I experimented with some numbers and changing the GROW_FACTOR to 3 gives a 20% speed up. Other numbers seem to be less optimal. I assume higher numbers become a lot more inefficient when the table is very large due to initialising and copying to huge table. MAP_LOAD_PERCENT seems to be good at 75%.

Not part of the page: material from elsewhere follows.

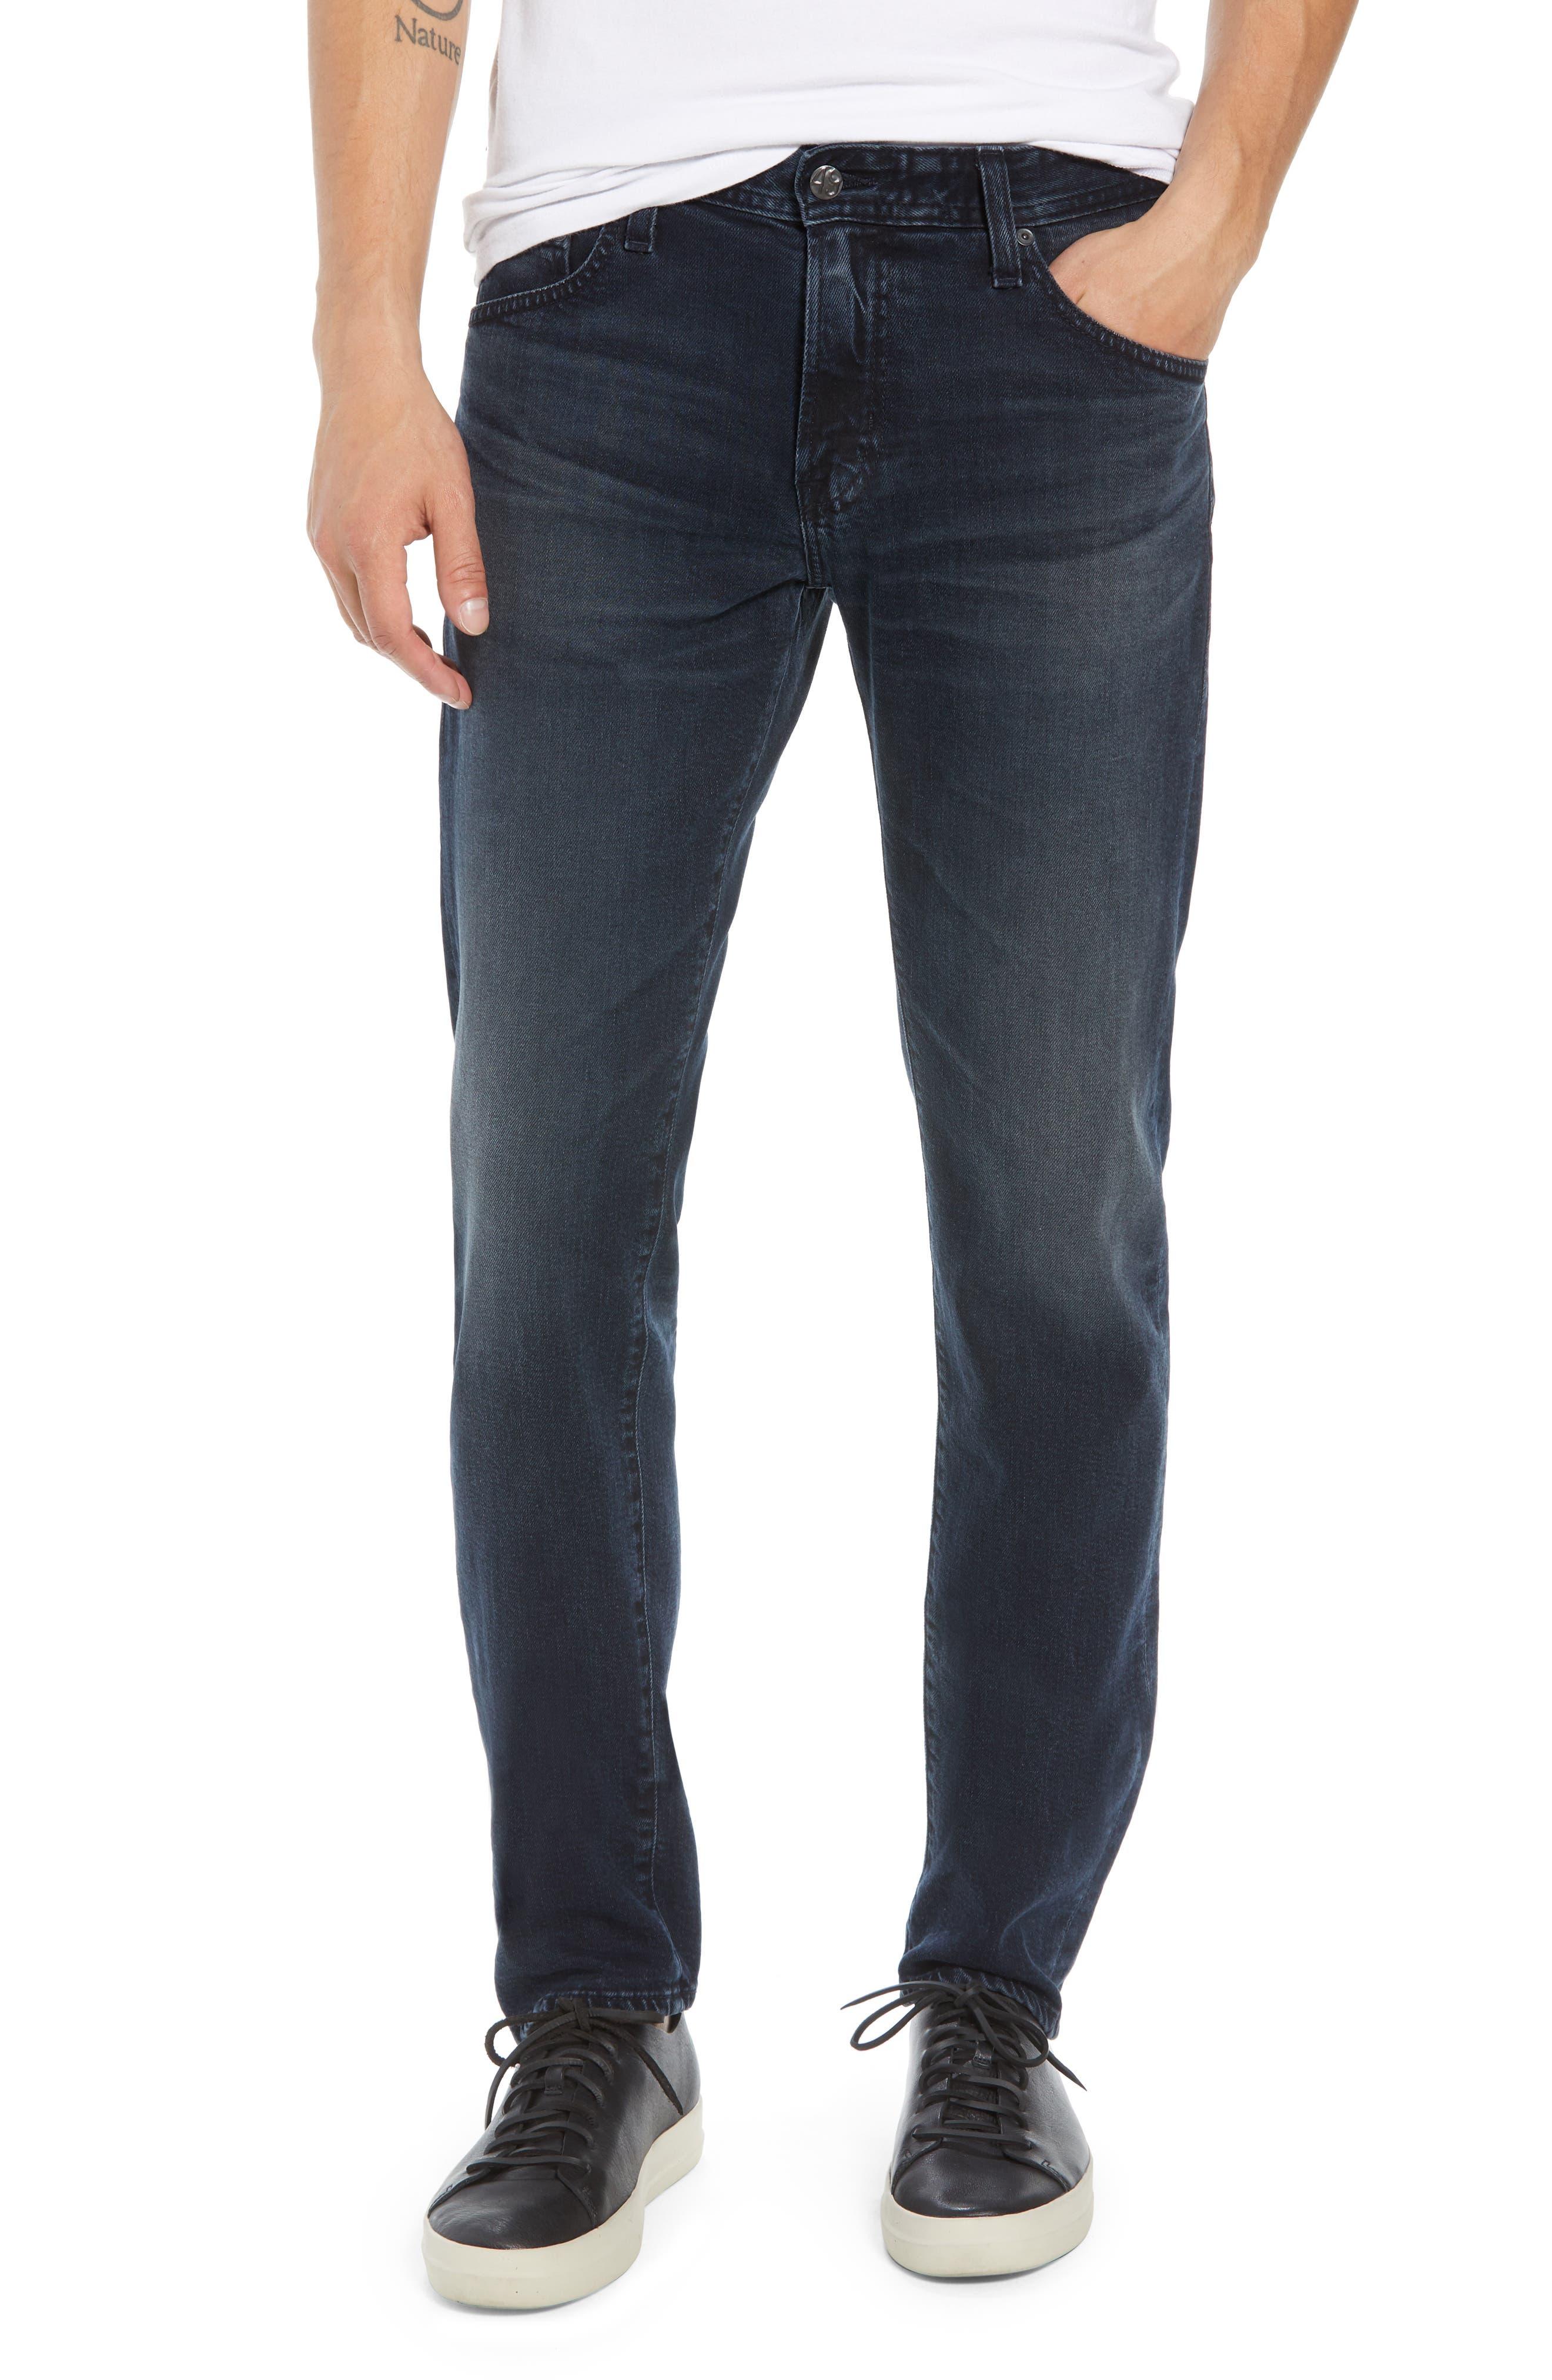 Tellis Slim Fit Jeans,                         Main,                         color, 2 YEARS RUMBLE

https://github.com/billyquith/wren/commit/5b75dc301a39228d48373ef4e760e088325e743c

base
GROW_FACTOR 2 MAP_LOAD_PERCENT 75
map_numeric - wren             .......... 2.07s 0.0701 100.73% relative to baseline

GROW_FACTOR 3 MAP_LOAD_PERCENT 75
map_numeric - wren             .......... 1.71s 0.0245 122.05% relative to baseline
map_numeric - wren             .......... 1.72s 0.0452 121.06% relative to baseline

GROW_FACTOR 4 MAP_LOAD_PERCENT 75
map_numeric - wren             .......... 1.76s 0.0962 118.44% relative to baseline

GROW_FACTOR 5 MAP_LOAD_PERCENT 75
map_numeric - wren             .......... 1.88s 0.1039 110.87% relative to baseline

GROW_FACTOR 3 MAP_LOAD_PERCENT 70
map_numeric - wren             .......... 2.20s 0.0563  94.55% relative to baseline

GROW_FACTOR 3 MAP_LOAD_PERCENT 80
map_numeric - wren             .......... 1.74s 0.0461 119.87% relative to baseline

I ran the full benchmarks twice.

api_call - wren                .......... 0.14s 0.0025  98.54% relative to baseline
api_foreign_method - wren      .......... 0.93s 0.0296  97.95% relative to baseline
binary_trees - wren            .......... 0.55s 0.0072 100.55% relative to baseline
binary_trees_gc - wren         .......... 2.55s 0.0361  97.17% relative to baseline
delta_blue - wren              .......... 0.45s 0.0044  93.78% relative to baseline
fib - wren                     .......... 0.65s 0.0296  92.88% relative to baseline
fibers - wren                  .......... 0.13s 0.0017  99.24% relative to baseline
for - wren                     .......... 0.23s 0.0110 100.86% relative to baseline
method_call - wren             .......... 0.33s 0.0044  97.85% relative to baseline
map_numeric - wren             .......... 1.73s 0.0208 120.50% relative to baseline
map_string - wren              .......... 0.19s 0.0017 107.25% relative to baseline
string_equals - wren           .......... 0.40s 0.0127  98.50% relative to baseline

api_call - wren                .......... 0.14s 0.0021 100.00% relative to baseline
api_foreign_method - wren      .......... 0.93s 0.0281  97.85% relative to baseline
binary_trees - wren            .......... 0.55s 0.0038 100.18% relative to baseline
binary_trees_gc - wren         .......... 2.56s 0.0779  96.72% relative to baseline
delta_blue - wren              .......... 0.45s 0.0291  94.20% relative to baseline
fib - wren                     .......... 0.64s 0.0179  93.90% relative to baseline
fibers - wren                  .......... 0.13s 0.0055 100.00% relative to baseline
for - wren                     .......... 0.23s 0.0027 100.43% relative to baseline
method_call - wren             .......... 0.32s 0.0029  99.07% relative to baseline
map_numeric - wren             .......... 1.72s 0.0382 120.92% relative to baseline
map_string - wren              .......... 0.19s 0.0027 107.25% relative to baseline
string_equals - wren           .......... 0.40s 0.0197  99.25% relative to baseline

I wondered if anyone else had experimented with this.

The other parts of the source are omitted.